Ils ont trouvé plusieurs moyens d'accélérer l'inscription 3D, y compris la déménager à l'unité de traitement des infographies (GPU).

Ceci leur a donné des 10 - plus que 100 fois à l'amélioration de la vitesse de traitement au-dessus d'utiliser l'unité centrale de l'ordinateur (CPU).

« Nos améliorations du moyen d'inscription et de déconvolution que pour les ensembles de données qui s'adaptent sur une carte graphique, l'analyse d'image peut en principe maintenir avec la vitesse de l'acquisition, » Shroff dit.

« Pour de plus grands ensembles de données, nous avons trouvé une voie de les découper efficacement dans des accumulations, réussissons chaque accumulation au GPU, faisons l'inscription et la déconvolution, et puis piquons ces pièces arrières ensemble. »

« Qui est très important si vous voulez à l'image de grandes pièces de tissu, par exemple, d'un animal marin, ou si vous libérez un organe pour le rendre transparent pour mettre en circuit le microscope. Quelques formes de grande microscopie sont réellement activées et accélérées par ces deux avances. »

Pour finir, l'équipe a employé apprendre profondément à accélérer les ensembles de données insurmontables « complexes de déconvolution » - dans lesquels le flou varie de manière significative dans différentes parties de l'image.

Ils ont formé l'ordinateur pour identifier la relation entre les caractéristiques mal tremblées (l'entrée) et une image nettoyée et deconvolved (la sortie). Alors ils l'ont donnée ont tremblé des caractéristiques qu'elle n'avait pas vues avant.

« Cela a réellement bien fonctionné ; le réseau neuronal qualifié pourrait produire des résultats deconvolved réellement rapides, » Shroff dit. « Qui est où nous avons obtenu des améliorations de millier-pli de vitesse de déconvolution. »

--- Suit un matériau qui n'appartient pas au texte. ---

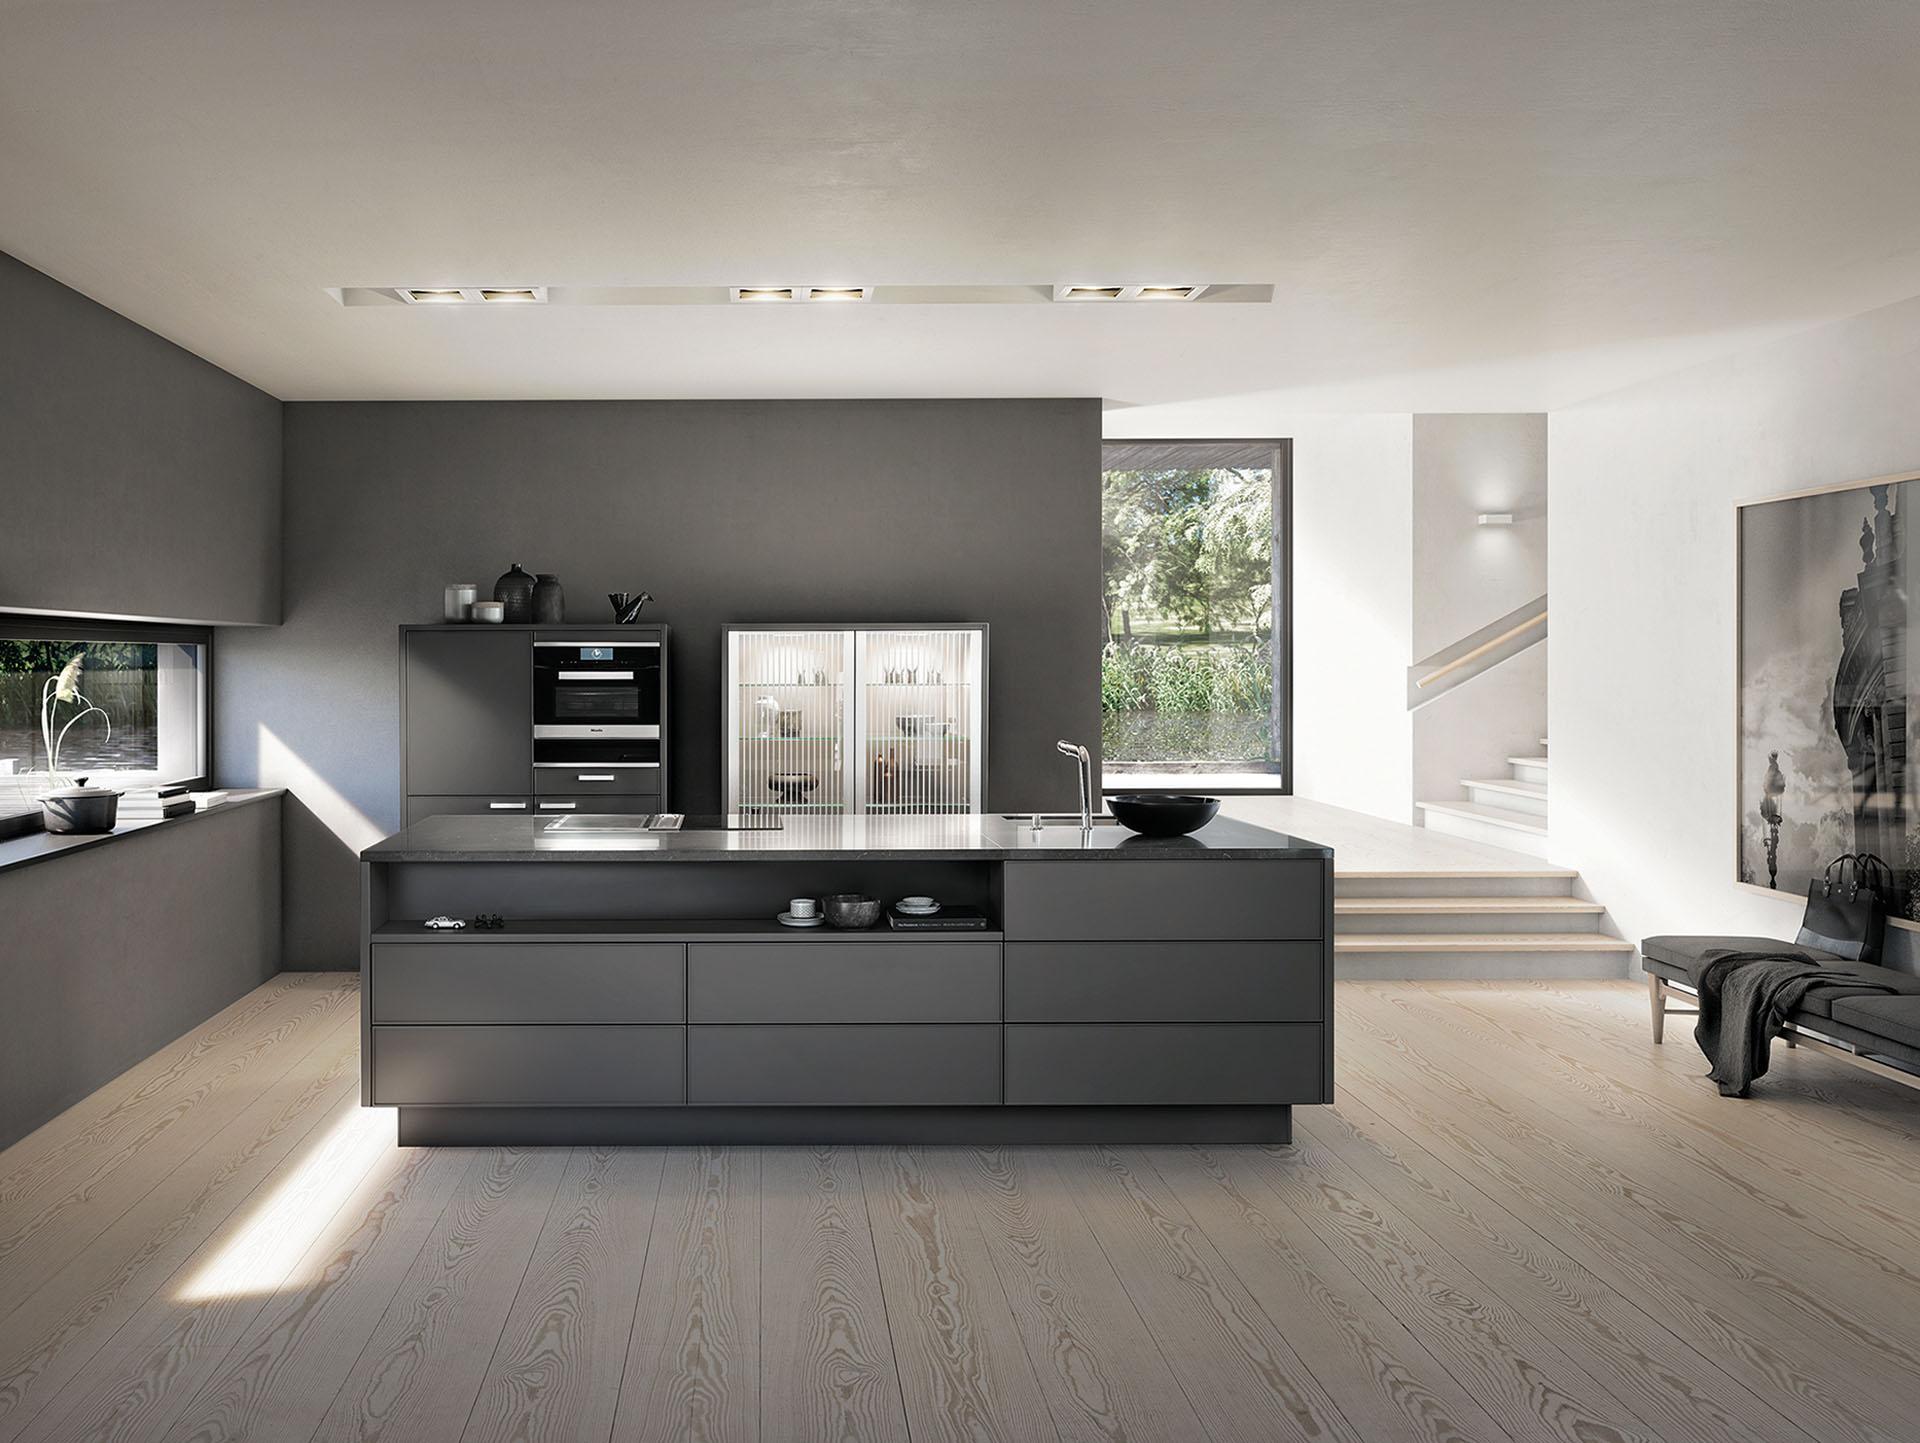 Home Design Keukens : Inkijk keuken villa serugrandi your home in curacao

Tandis que les algorithmes apprenants profonds fonctionnés étonnant bien, « c'est avec l'opposition qu'elles sont cassantes, » Shroff dit. « En signifiant, une fois que vous avez formé le réseau neuronal pour identifier un type d'image, dites une cellule avec des mitochondries, il deconvolve ces images très bien. »

« Mais si vous lui donnez une image qui est un morceau différent, dites la membrane de plasma des cellules, il produit des corps étrangers. Il est facile de duper le réseau neuronal. » Un domaine de recherche actif produit les réseaux neuronaux qui fonctionnent d'une voie plus généralisée.

« Apprendre profondément augmente ce qui est possible, » Shroff dit. « C'est un bon outil pour analyser les ensembles de données qui seraient difficiles n'importe quelle autre voie. »

Source:
Journal reference:

Guo, M., et al. (2020) Rapid image deconvolution and multiview fusion for optical microscopy. Nature Biotechnology. doi.org/10.1038/s41587-020-0560-x.